4. The last case relied on by Mr. Thakor is Chettyar Firm v. Mg. Shwe Hmun A.I.R.  Ran. 468. There the parties were Burmese Buddhists, and the mortgage was executed by a person for himself and on behalf of his minor brother and sisters. In a suit on the mortgage the executant was appointed as guardian ad litem of the minors and a decree was passed. In a subsequent suit by the minors to set aside the decree against them, it was held that all the executants were co-debtors and the major brother who was only a de facto guardian had, under the personal law governing the parties, no authority to affect the interest of the minors in the property; the parties were regarded only as co-debtors, and as one debtor was interested in seeing that his co-debtors did not escape their joint liability, his appointment as guardian ad litem was ipso fact adverse to the interest of the minors. That decision has no application to the facts of the present case where the father is not only a natural guardian of his son but can bind him by any transaction which is for an antecedent debt and is not illegal or immoral.
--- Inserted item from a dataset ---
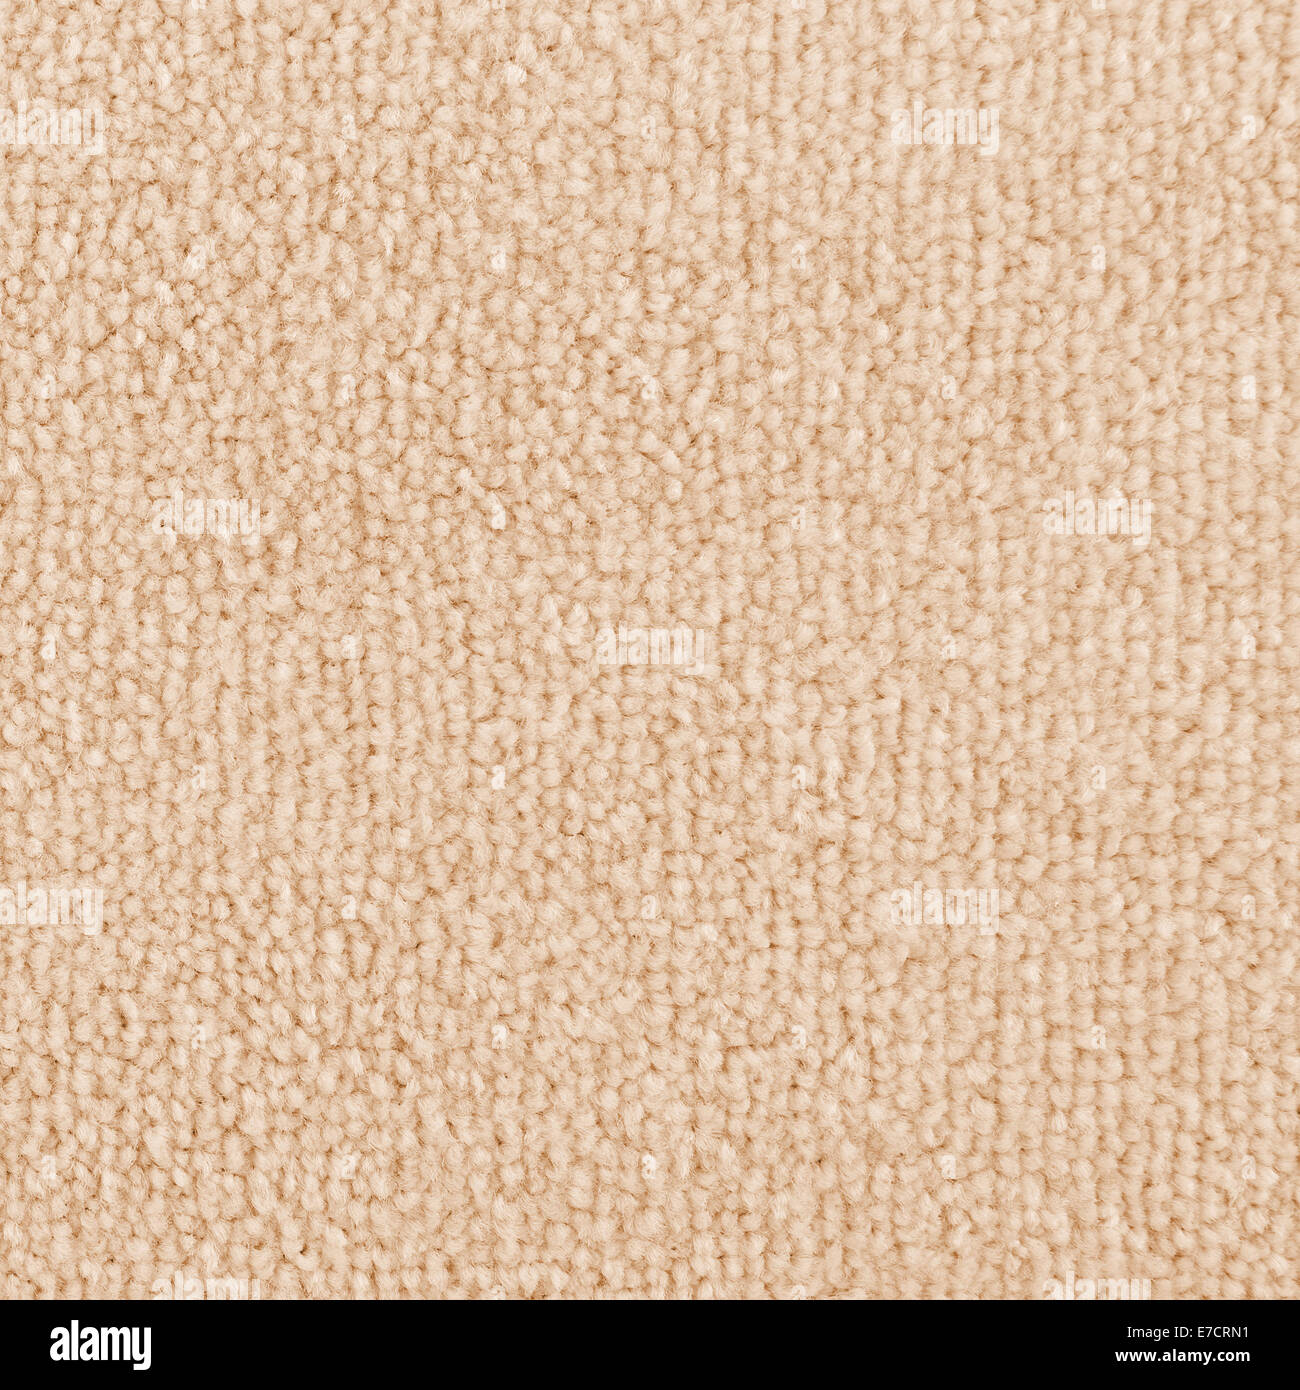 Alfombra nueva textura. Suelos de moqueta color beige como fondo perfecta. Imagen De Stock

5. These are all the relevant cases bearing on this point and we think the result can be sumimarized thus : In the case of a Hindu joint family where the manager has the power to bind the minor members of the coparcenary by an alienation for legal necessity, it is open to the son to challenge it in a suit brought to enforce the alienation on the ground that although it may be binding on the manager, it is not binding on the, minor. His interest may, therefore, conflict with that of the manager as the defences of both may be separate and even antagonistic if the manager wants to throw the burden of his private debt on the family. In such a case it would be undesirable to appoint the manager as the guardian ad litem for the minor in the suit, but if he is so appointed and a decree is passed against the minor's interest in the property, it cannot be said, in absence of fraud or collusion on the part of the manager, that the decree is a nullity merely because the manager ought not to have been appointed as his guardian. If the minor subsequently sues to set aside the decree, he must show that the alienation was not, in fact, binding on him. This would be especially so where the manager is the father who is the natural guardian of the minor and whose personal debts also are binding on the son if they are antecedent to the alienation and are not illegal or immoral In the present case there is no proof of fraud or collusion on the part of the father, and the debts for which the mortgage and the sale were made are not shown as not binding on the son. The interests of the father and the son are not thus conflicting. We are of opinion, therefore, that the mortgage decree is not proved to be not binding on the son on this ground.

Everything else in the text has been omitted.